Post-extraction separation approaches avoid some of these hurdles and thus pose an attractive alternative. One approach targets methylated nucleotides [13], which are typically more frequent in eukaryotic genomes. However, a bias against microbes with AT-rich genomes has been reported [14], and therefore, this method is not suitable for eukaryotic microorganisms with methylation patterns similar to the host. Another approach is targeting host-specific sequences for hybridization-based depletion with CRISPR/Cas9. This method has been successfully employed for highly repetitive rRNA sequences [15] but is not easily adapted to depletion of sequences at the genome scale.

To overcome the disadvantages associated with each of the currently available host-depletion methods, we optimized a cost-effective technique with minimal sample processing and hands-on time. Similar to other pre-extraction methods, it starts with selective mammalian cell lysis, but instead of enzymatic digestion of exposed DNA, we employed propidium monoazide (PMA). PMA has been used extensively over the past decade for detection of live/dead cells [16]. Similar to propidium iodide, PMA is a cell membrane impermeable DNA intercalator. Upon exposure to visible light, the azide group of the PMA molecule is photolytically cleaved and undergoes a C–H insertion reaction to form a covalent bond with DNA [17]. It is thought that this reaction fragments the DNA, effectively eliminating any exposed DNA from downstream analysis [17, 18]. Any excess PMA in the sample reacts with water and becomes inert. We induced selective osmotic lysis of mammalian cells by resuspension in pure water followed by treatment with PMA (lyPMA). This method requires less than 5-min hands-on time and involves no special laboratory equipment.

To evaluate the efficiency and potential bias of the lyPMA treatment, we compared this protocol to raw samples and four alternative methods used for host depletion: 5-μm filtration (Fil), QIAamp DNA Microbiome Kit (QIA), MolYsis™ Basic (Mol), and NEBNext® Microbiome DNA Enrichment Kit (NEB). We chose saliva samples to compare methods of host depletion because it is easy to collect, has enough biomass to be divided into multiple groups per sample, and consistently has a high (~ 90%) percentage of human DNA in shotgun metagenomic sequencing (Fig. 1). The efficiency of host depletion and the effect on microbial community was assessed.

Results

Differential cell size-based approaches to host DNA depletion

One of the most obvious differences between mammalian and microbial cells is their size. Our preliminary attempts to reduce host DNA therefore focused on separating cells according to size. Because buccal epithelial cells are on average 50 μm wide, whereas a typical bacterial coccus is ~ 1 μm, we passed saliva samples across a 5-μm filter and analyzed the filtrate and residue compared to the raw sample. We designed a qPCR assay to evaluate the percentage of host DNA relative to untreated sample using a human-specific primer against the PTGER2 gene [19]. No significant difference across any of these three partitions was observed (Additional file 1: Figure S1A). To exclude the potential of host cell shearing during filtration, we next tried differential centrifugation to enrich for microbial DNA. First, a short, slow centrifugation (30 s at 2500g) of human saliva was performed to pellet large cells [20], and then the supernatant was washed with a longer, faster centrifugation (8 min at 10,000g) to pellet all remaining cells. No significant difference in percentage of human DNA at any of these steps compared to the original raw sample was observed (Additional file 1: Figure S1B). Lastly, we attempted to take advantage of differences in forward and backward scatter (which canonically correlates to event size and density, respectively) using flow cytometry to separate microbial from human cells. Although three distinct groups of varying size were clearly observed (Additional file 1: Figure S1C), there was no significant difference in percentage of human DNA among the sorting gates compared to the raw sample (Additional file 1: Figure S1D).

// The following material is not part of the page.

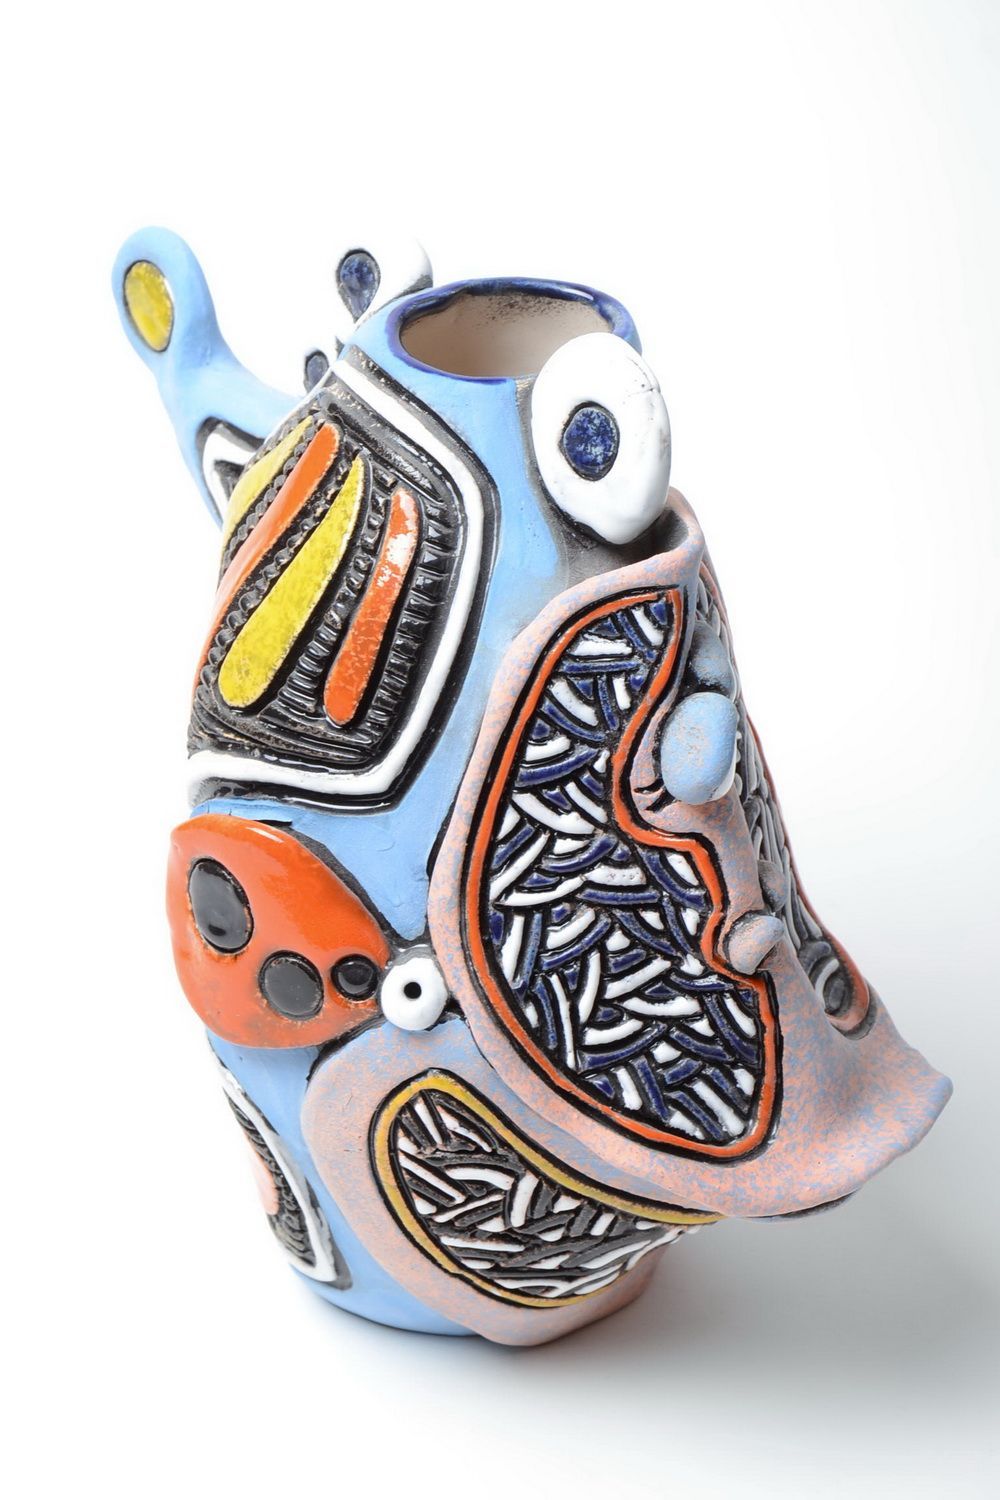 Farbige Ton Vase handmade in Form vom Fisch mit Pigmenten bemalt 1.8 L foto 5

These preliminary attempts to separate mammalian from microbial cells based on cell size were unsuccessful in reducing the amount of host DNA. We hypothesized that there must be a significant amount of extracellular host DNA that is not separated by size-based approaches. Indeed, DNAse treatment of saliva samples after a short, slow centrifugation significantly reduced the percentage of human DNA (Additional file 1: Figure S1E). However, enzymatic treatment can be expensive, sensitive, and, because it must be processed on fresh samples, difficult to scale. As an alternative to enzymatic digestion of extracellular DNA, we next tested the ability of PMA to remove host DNA.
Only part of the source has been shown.